STAT1 and STAT3 are transcription factors activated by cytokines such as IFN-γ and IL-6, respectively. Germline variants in these genes are associated with distinct immune dysregulation syndromes, and functional validation is essential for variant interpretation.
We report two Argentinean pediatric patients with novel variants in STAT1 and STAT3. Patient 1, a 10-year-old male with chronic mucocutaneous candidiasis, persistent diarrhea, eczema, recurrent respiratory infections, failure to thrive, and oral candidiasis, carried a heterozygous STAT1 variant c.874G>A(p.Asp292Asn). Patient 2, a 12-year-old male, presented with splenomegaly, multiple adenopathies, leukopenia, thrombocytopenia, eosinophilia, hypogammaglobulinemia, and bone marrow hypoplasia. A lymph node biopsy showed reactive follicular hyperplasia. Genetic analysis revealed a heterozygous STAT3 variant c.1044A>C (p.Lys348Asn).
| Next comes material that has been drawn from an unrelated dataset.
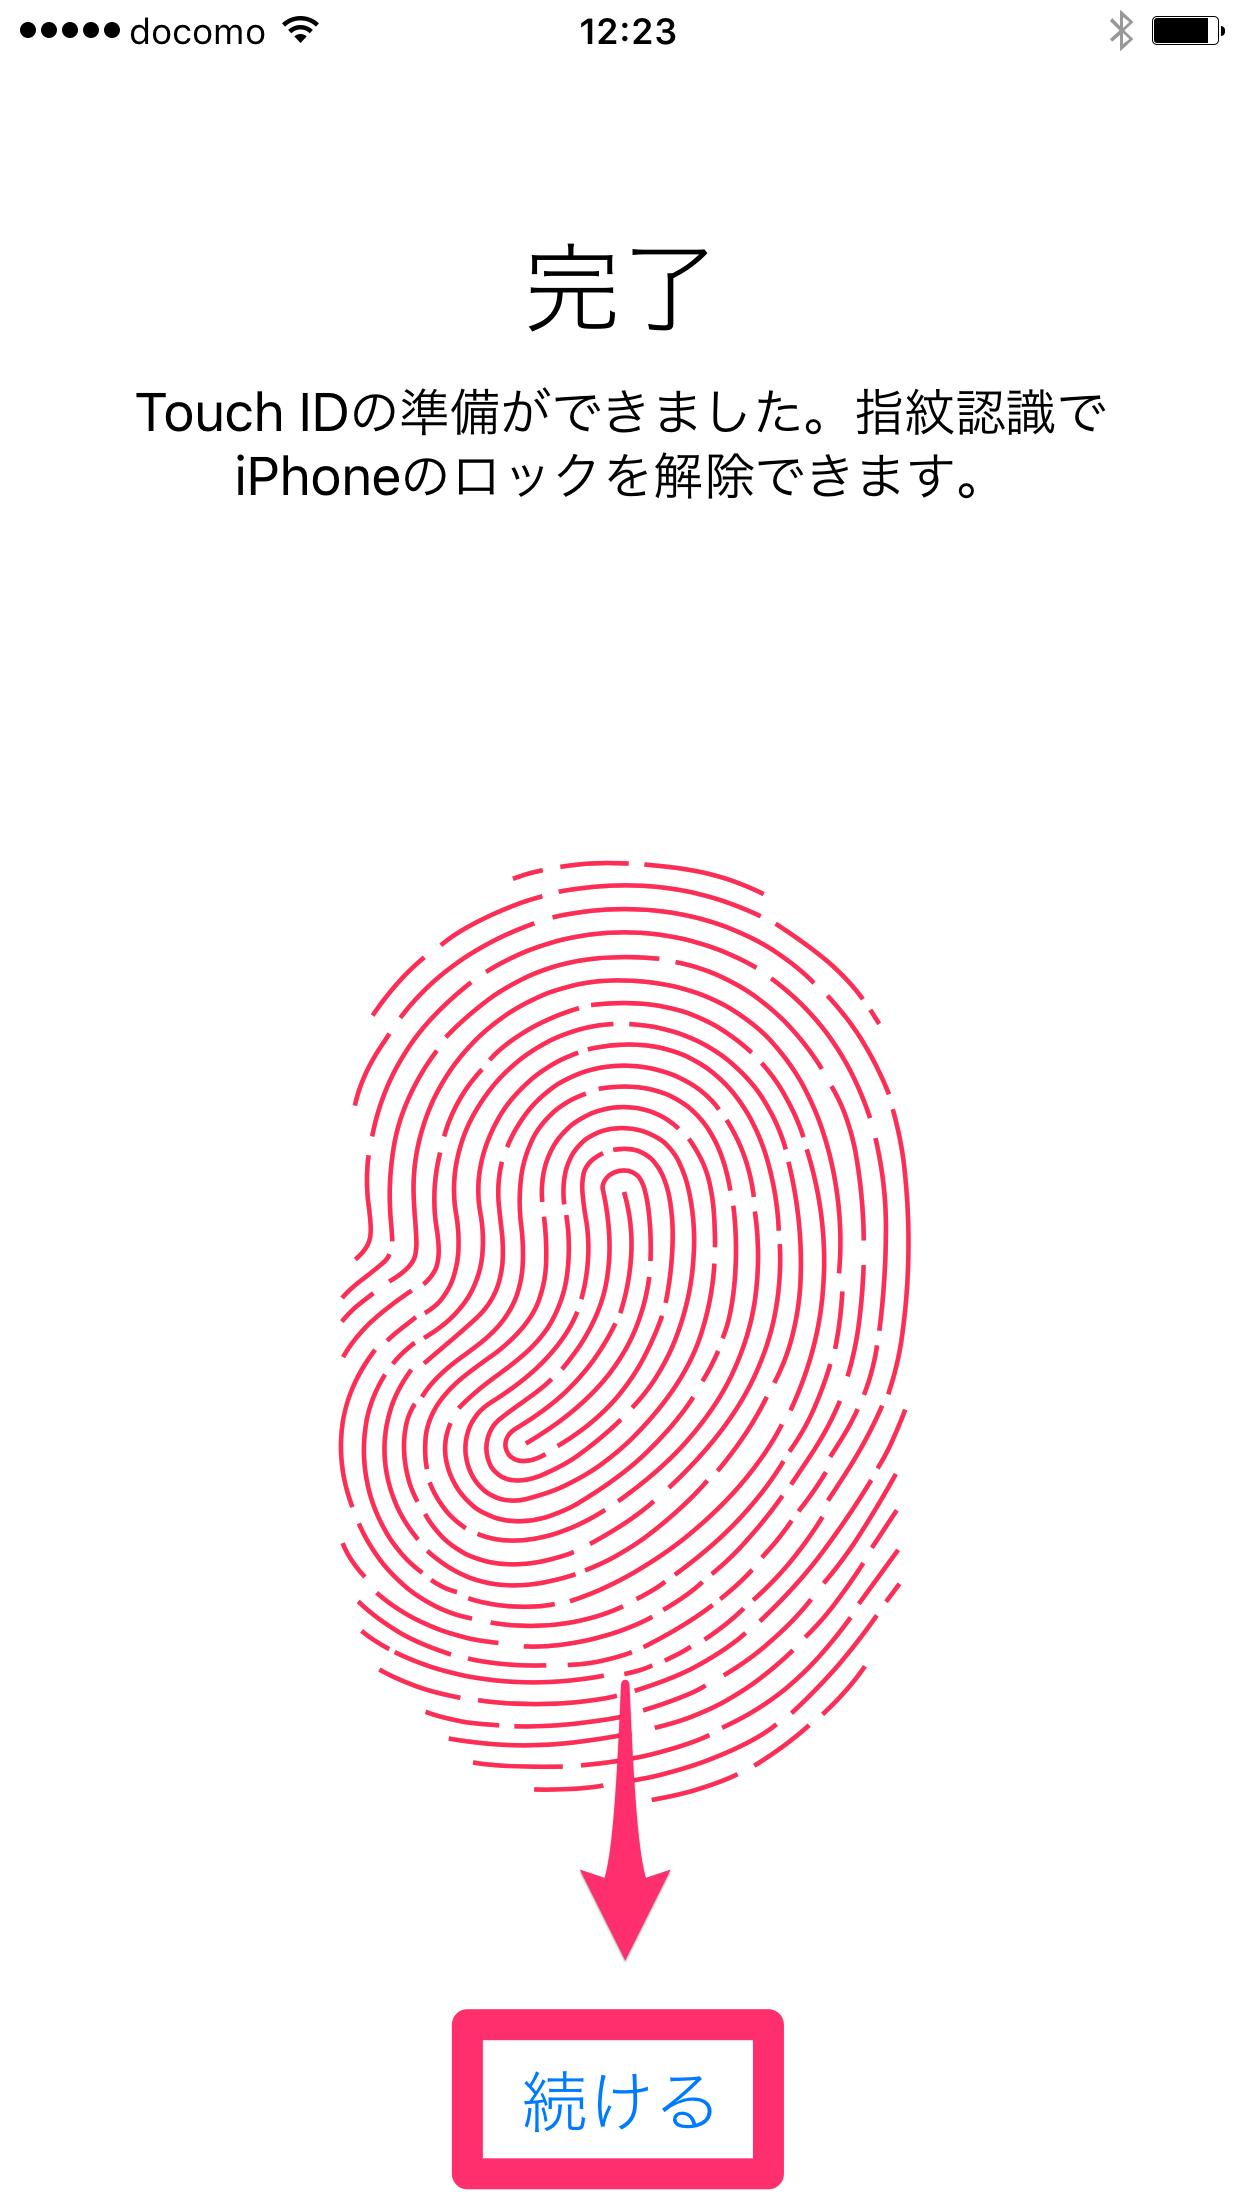 iPhoneやLINEを指紋でロック解除(Touch ID):
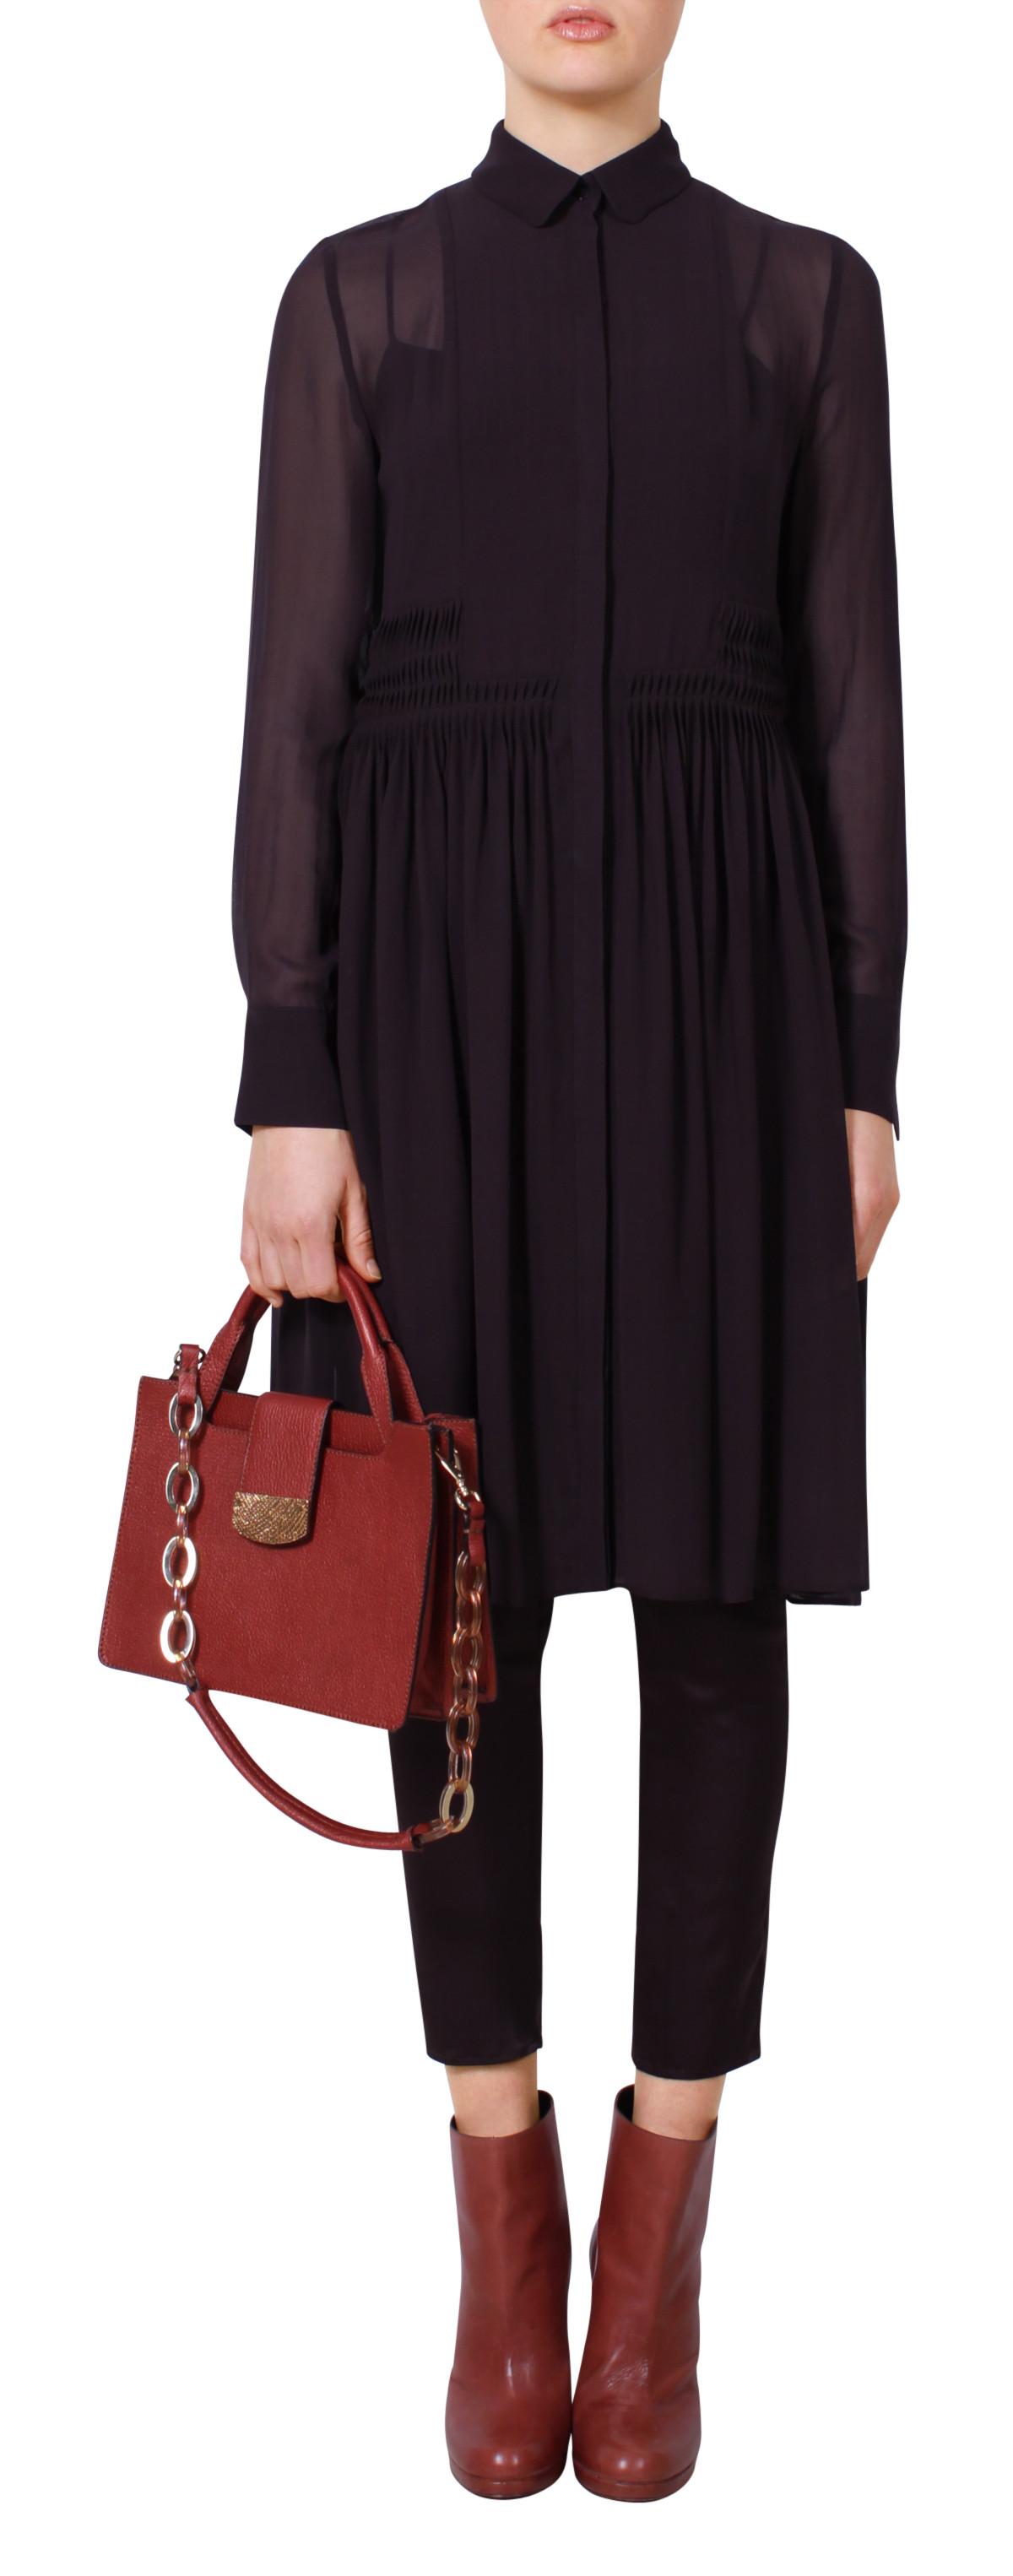 GLAZE bag  - Bags - Shop   SCHUMACHER - Onlineshop

Both variants arose de novo as confirmed by parental testing.
We used site-directed mutagenesis to introduce novel variants into FLAG-tagged STAT1 and STAT3 expression plasmids. HEK293T cells were transfected with WT or mutant constructs. STAT1 activity was assessed using a luciferase reporter activated by IFN-γ and STAT3 activity was measured via a STAT3-responsive GFP reporter upon IL-6 stimulation. Additionally, STAT1 phosphorylation levels upon IFN-γ stimulation were assessed on monocytes by flow cytometry.
The STAT1 p.Asp292Asn variant phosphorylation in patient monocytes was increased to approximately twice the level observed in healthy controls, confirming a gain-of-function (GOF) effect. The STAT3 p.Lys348Asn variant showed increased GFP reporter activity following IL-6 stimulation, suggesting a GOF effect. These functional hyperactivations were compatible with immune dysregulation phenotypes.
Our findings highlight the pathogenic role of the STAT1 and STAT3 variants in immune dysregulation syndromes. We were able to establish that both variants confer a GOF effect. Functional assays are critical for interpreting variants of uncertain significance and contribute to precise diagnosis and tailored therapeutic strategies in patients with suspected monogenic immune diseases.